A perecibilidade do leite de vaca desempenha um papel importante no motivo pelo qual mais pessoas não estavam bebendo o material; Produzi-lo em escala industrial é um empreendimento dispendioso e complexo. A moderna indústria de lácteos necessita de animais vivos, máquinas caras e caminhões refrigerados, um modelo financeiro que está se mostrando insustentável. Pequenas fazendas, uma vez comuns, estão, por sua vez, caindo como moscas.

A demanda também é um problema; De acordo com um relatório de 2016 da empresa de pesquisa de mercado Mintel, as vendas de leite caíram e continuarão a cair pelo menos até 2020. “A indústria de laticínios está extremamente preocupada agora”, diz Mendelson, que explica que a Big Dairy nos Estados Unidos só conseguiu se manter à tona por causa dos subsídios que recebe do governo federal.

Leites de plantas, sem surpresa, são uma ameaça existencial para a indústria de laticínios. De acordo com outro relatório da Mintel, as vendas de lácteos não derivados cresceram 61% entre 2012 e 2017, uma estatística que provavelmente fez os principais produtores de leite encolherem.

"Temos uma administração muito sensível aos interesses corporativos", diz Nestlé, da nova liderança do FDA. "Se eu estivesse dirigindo uma grande operação de laticínios e visse uma maneira de pintar minha concorrência de maneira ruim, eu me moveria muito rapidamente agora".
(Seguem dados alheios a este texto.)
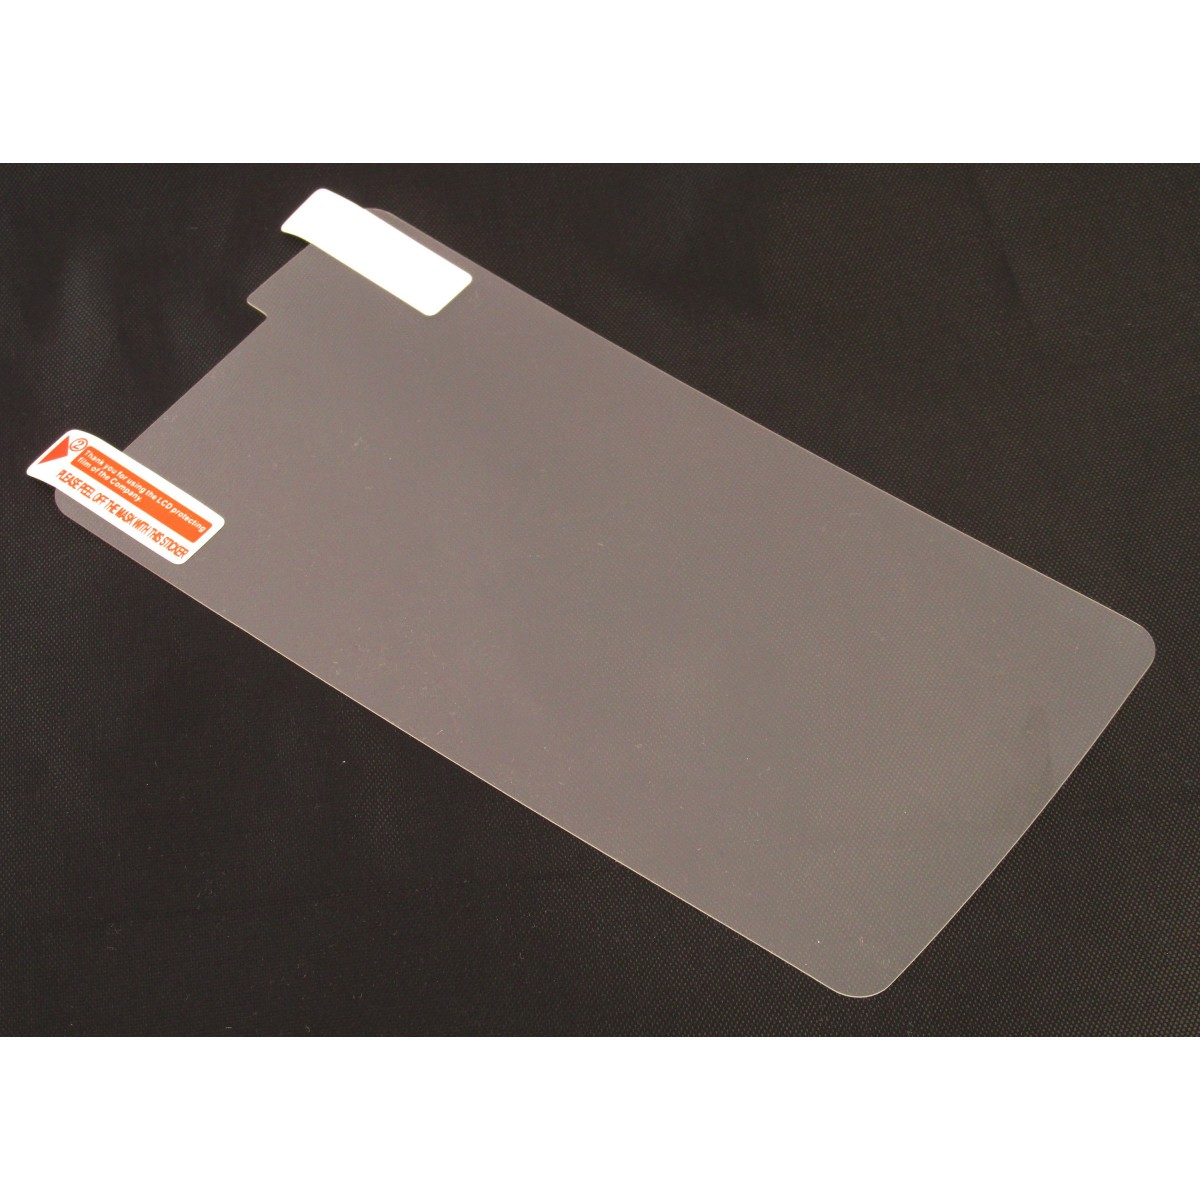 Película Protetora para LG G3 D850 - Fosca

Mas se a nomenclatura de leite de plantas é a melhor que a indústria de laticínios tem, os Sonhos de Arroz e a Vita Cocos do mundo provavelmente podem exalar. O FDA pode conseguir banir o “leite” de rótulos de leite não lácteo, mas é improvável que afete os hábitos do consumidor de maneira significativa. Se alguma coisa, poderia ser uma benção para a indústria de leite de plantas, como as "guerras vegan de maionese" de 2014, em última análise, foram para os spreads sem graça.

A menos que a FDA possa provar conclusivamente que os leites de nozes causam o raquitismo, por exemplo, os consumidores estão prontos para continuar comprando os leites não-alimentícios que eles consomem há séculos. Segundo o historiador de alimentos Albala, sobre a recente guerra da nomenclatura dos laticínios, “estou colocando meu dinheiro em leites de nozes”.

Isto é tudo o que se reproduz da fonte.